Political and local backlash

The political ground is shifting. The ban was lifted by the narrowest possible margin – a single vote. With the opposition Social Democrats (polling at over 30%) vowing to fight the move, any investment today faces a massive “stroke-of-the-pen” risk. Who dares to invest billions in a mine that a new government might shut down in two years?

Perhaps most importantly, the local resistance has woken up. While “new nuclear” was a winning slogan in 2022, the reality of uranium mines in people’s backyards is a different story.
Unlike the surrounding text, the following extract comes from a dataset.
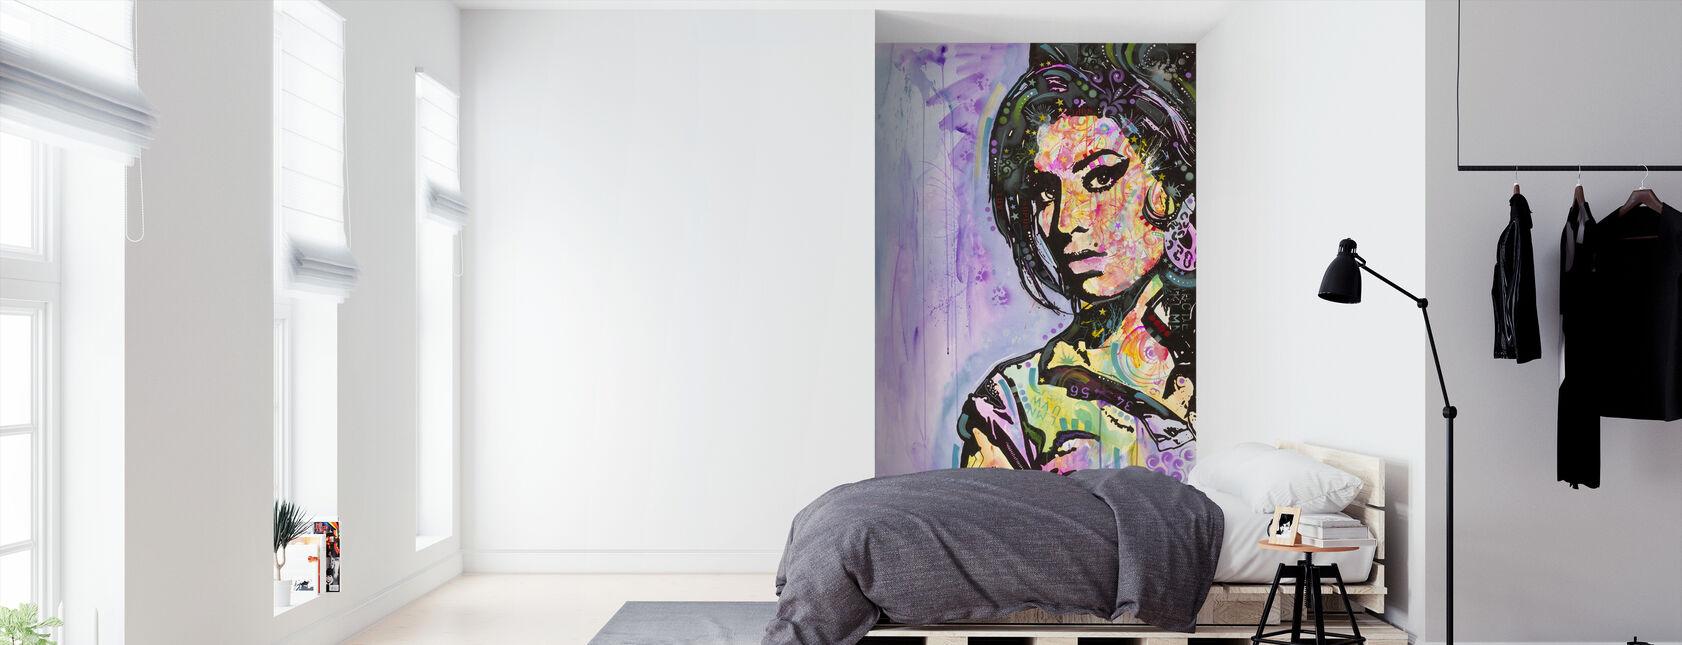 Amy - Tapet - Soveværelse

The government’s attempt to override local municipal vetoes sparked such an outcry – even from their own local representatives – that they were forced to retreat. “There is a lack of public legitimacy because it has not been possible to demonstrate that alum shale can be mined in a way that does not pose a significant risk”, says Ebba Busch, Minister for Energy, Business and Industry.

New nuclear power was the current government’s winning ticket. Now, it threatens to be their anchor. The once-popular nuclear dream is being tarnished, not just by the risk of an accident, radioactive waste or massive debt, but by the stubborn, grassroots resistance of people defending their land. Lifting the uranium ban may be the strategic blunder that brings the government down – and their grand nuclear project with it.